The House and Senate conference reached agreement on a final version of the American Recovery and Reinvestment Act of 2009 (the “Stimulus Bill”). One of the important provisions of the Stimulus Bill allows certain businesses to defer the payment of tax attributable to the repurchase, modification, or cancellation (collectively, the “reacquisition”) of their outstanding debt. This pro-taxpayer provision applies to reacquisitions after December 31, 2008, and before January 1, 2011. It applies to solvent as well as insolvent borrowers; for that reason and others, it is expected to enhance significantly the ability of taxpayers to restructure their debt.
Under current law, corporations and other taxpayers that reacquire debt at a discount must generally include in taxable income the difference between the “adjusted issue price” (usually, the face amount) of the debt and the reacquisition price. This difference is referred to as cancellation of debt income (“CODI”). Unless certain exceptions apply, CODI is currently taxable to the borrower or, in circumstances where the borrower is a partnership or limited liability company, its equity owners. This up-front tax cost restricts the ability of many borrowers to restructure their debt.
Under the Stimulus Bill, taxpayers may elect to recognize CODI income on a deferred basis. This is accomplished in two steps. First, an electing taxpayer is granted an initial deferral period of four or five years (depending on the year in which the debt restructuring occurs), during which none of the CODI is taxable. Then, the taxpayer is permitted to include the CODI in taxable income ratably over a five-year period beginning with the fifth year following the year of the reacquisition. The election is to be made on an instrument-by-instrument basis and is irrevocable once made.
In certain cases, borrowers would be disadvantaged by making the new election, because it requires them to forego certain exclusions provided under current law. For example, current law excludes from taxable income the CODI that occurs in a Title 11 case and when (and to the extent that) the taxpayer is insolvent. In exchange for this present law exclusion, the taxpayer must reduce certain tax attributes, such as net operating losses. If the taxpayer instead elected to exclude CODI under the new law, it would not be eligible for the 100% exclusion. Rather, it would be required to include CODI in taxable income over the deferral period discussed above. Although the electing taxpayer would be permitted to retain its tax attributes, the benefit of doing so may not offset the tax it must pay in the future on the deferred CODI amount. In cases such as this, the Stimulus Bill effectively provides borrowers with a choice of tax-ameliorating provisions.
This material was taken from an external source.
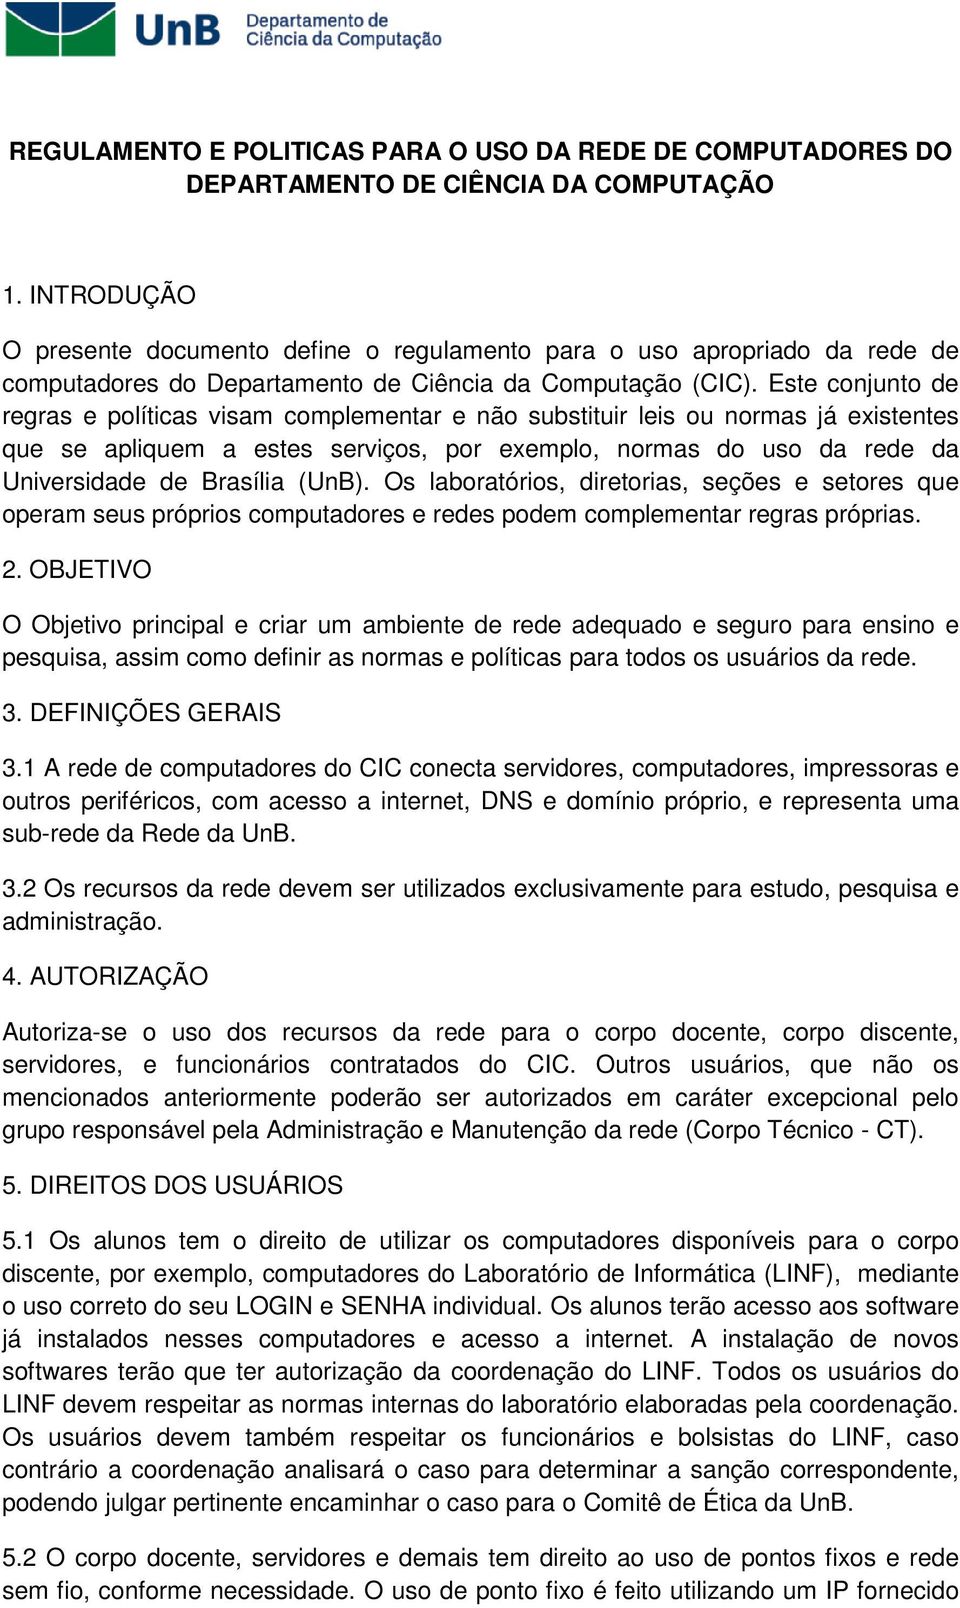 Este conjunto de regras e políticas visam complementar e não substituir leis ou normas já existentes que se apliquem a estes serviços, por exemplo, normas do uso da rede da Universidade de Brasília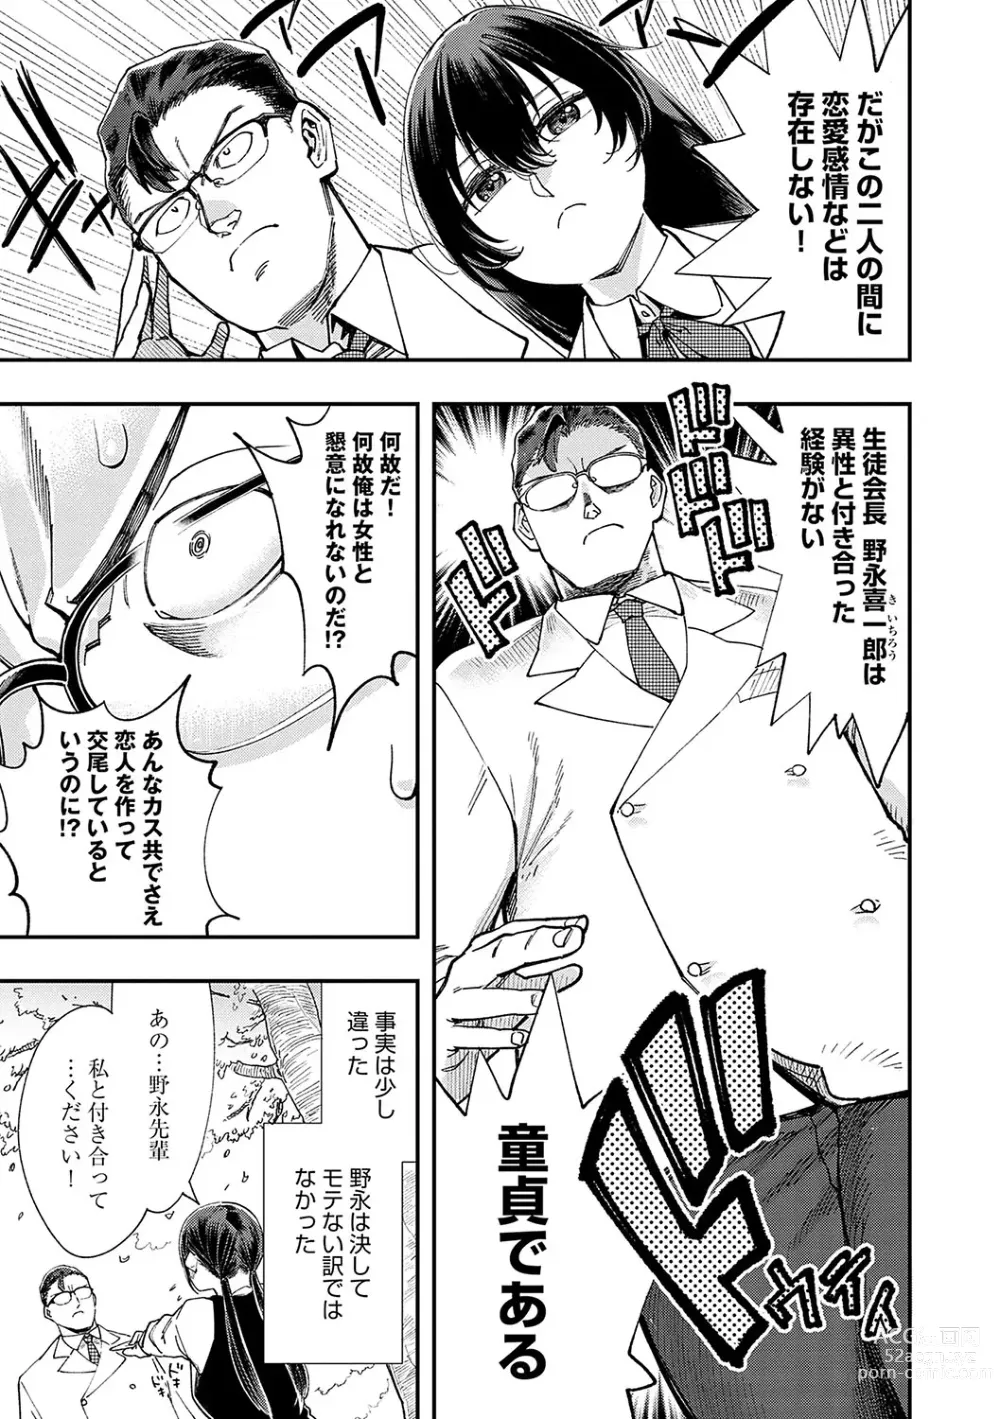 Page 6 of manga Kashikoi Oppai

There are a number of special rules that accompany this provision. For example, the election to defer is made at the issuer level, regardless of whether the borrower is a corporation, a partnership, or a limited liability company. In addition, electing taxpayers are restricted in their ability to deduct original issue discount (“OID”) that may arise in connection with the debt reacquisition. Further, the new rules apply to direct and indirect debt reacquisitions (including the acquisition of debt by related persons), as well as the cancellation or acquisition of debt in exchange for cash, stock, or partnership interests.
Importantly, the CODI recognition is accelerated if the electing taxpayer liquidates, dies, or sells substantially all of its assets (including in Title 11 or similar cases). Recognition also is accelerated upon the sale of an equity interest in an electing partnership, limited liability company or S corporation. This acceleration could be important in analyzing the tax effects of future sales and equity restructurings.
Broad discretion is granted to the Secretary of the Treasury to prescribe regulations and other rules. Special attention likely will be afforded to partnerships and other pass-through entities in circumstances where the rules could adversely impact the economic parity arrangement among the partners or other equity owners.
The rules are a welcome change, as they likely will enhance significantly the ability of troubled companies and their creditors to restructure debt without incurring an immediate tax cost. They do not, however, change the fact that debt reacquisitions, including debt modifications such as extensions of the period for repayment, have important and often unexpected tax consequences to both borrowers and lenders. They underscore the importance of careful consideration of such consequences in planning for debt restructurings.